The third helpful young lady in this little saga is Miree (MIREYENION) who is practicing to one day be Boss Mare and so she's very much clued in to who is being good and who is being bad. She gets pretty upset when someone is bad - she'll be extra good, I guess to try to offset the badness(?). And she needs a lot of reassurance as to her goodness and the rightness of the universe.


So she was pacing at the gate, getting increasingly agitated with LANDROVAL's badness and when I finally caught his rope and walked him through the gate, as soon as I slipped his halter off and stepped away she lunged and took a huge bite out of his shoulder!!


I usually don't tolerate aggression like that, but I also have a policy not to interfere in 'horse business' as long as they don't kick or bite when a person is close. But in this case - she was right, he had been bad - and she was soooooo proud of herself, I just couldn't help but give her just a tiny bit of praise. She's not normally a biter or an aggressive mare - and I can't help but think there may come a day when I need her to watch my back.

2 comments:

Leah Braemel said...

Thanks Miree! She got Landroval back for his misbehaviour when I was there a few months back ! He got a taste of his own medicine.
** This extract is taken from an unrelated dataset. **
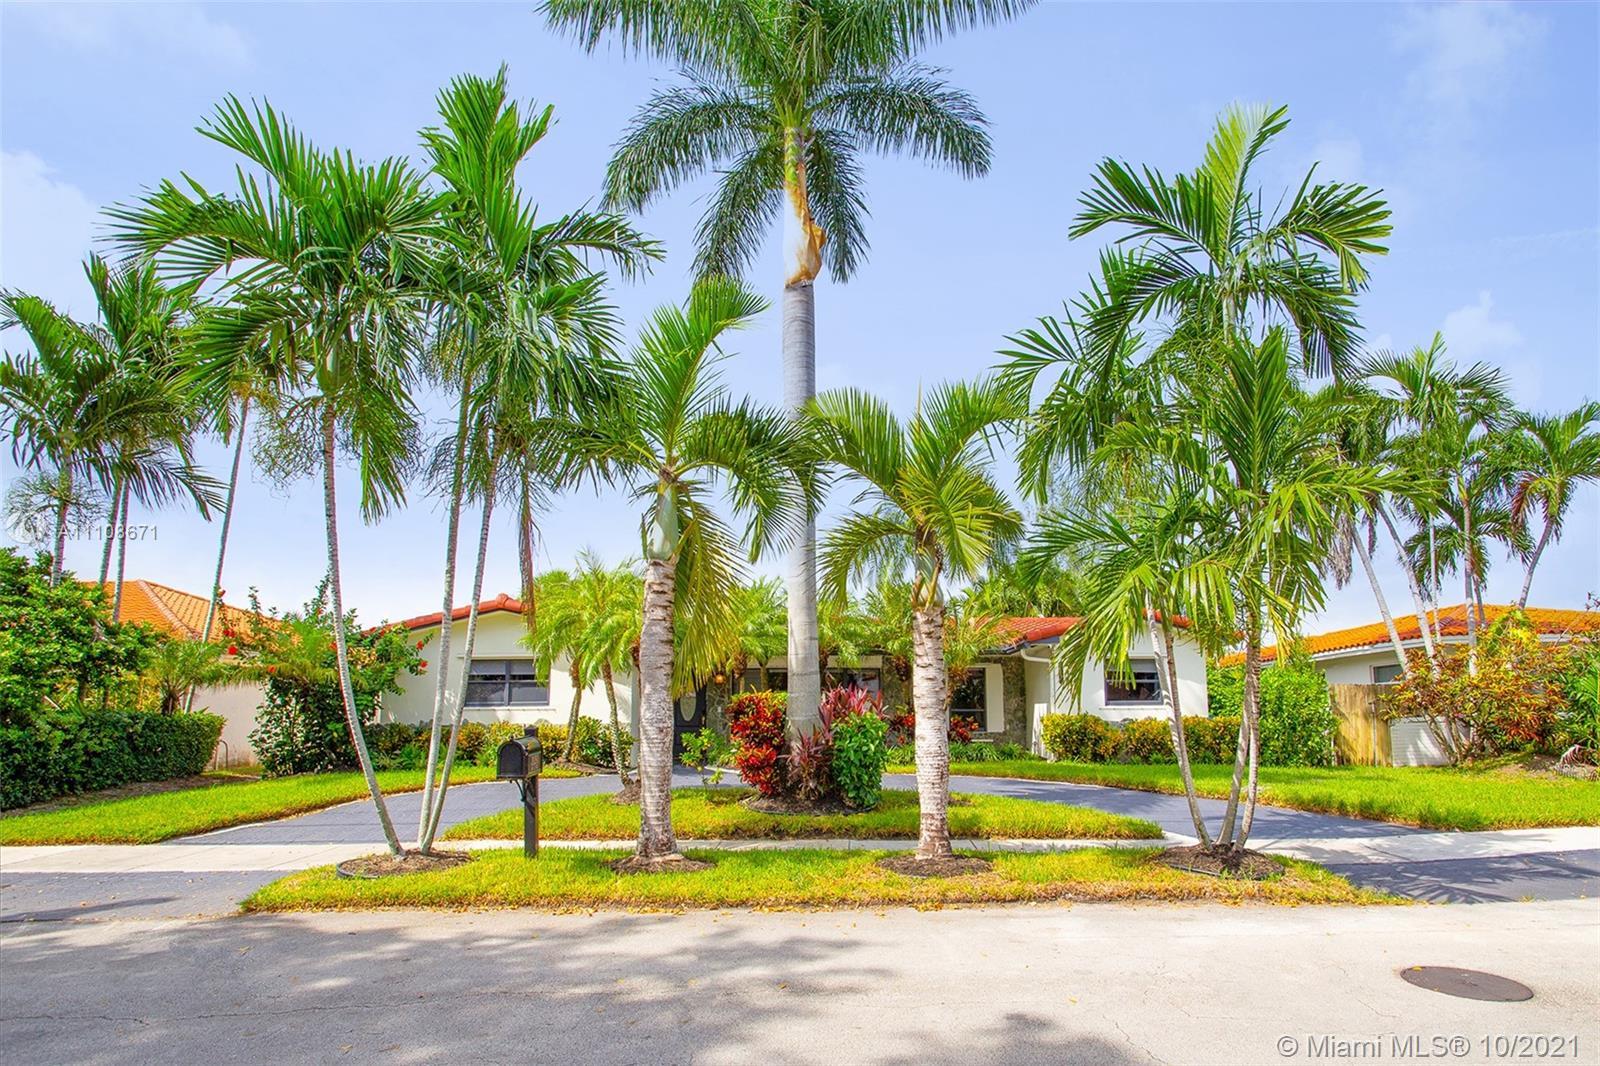 Highland Lakes - 21250 NE 23rd Ave, Miami, FL 33180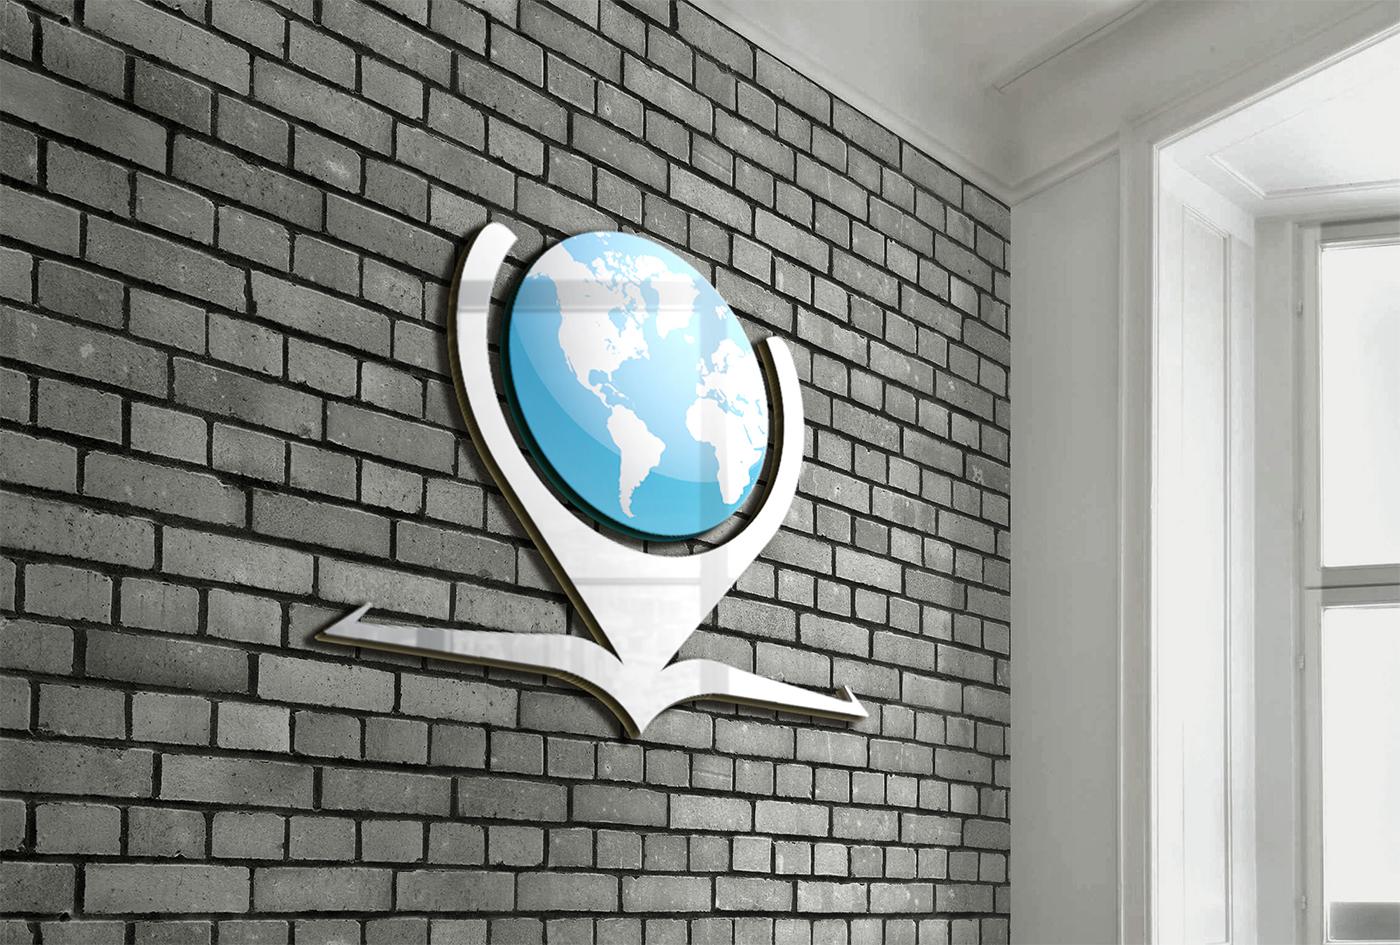 The World Book Icon

Good girl!

And LOL about the changing the radio station and rearranging the tool shed - I had no idea horses could be so clever or capable - I'd love to have a video spy camera and catch them in action. (Would the radio be covered in horse slobber I wonder, or does it depend upon the deftness of the particular horse?)

Anne P said...

I love herd interaction/dynamics. How wonderful you have some responsible older adults to help offset the dorkiness of the less-than-4 crowd.

My youngster's favorite thing when he was a 3 and 4-y/o was to stack rocks in little cairns. Sometimes they would be out in the pasture. Other times, he would carefully put a beautifully constructed sculpture inside his stall right at the door, so I'd be sure to see it (?). I always praised him lavishly - I thought they were beautiful. Alas, he has given up that in the last few years since he's "grown up".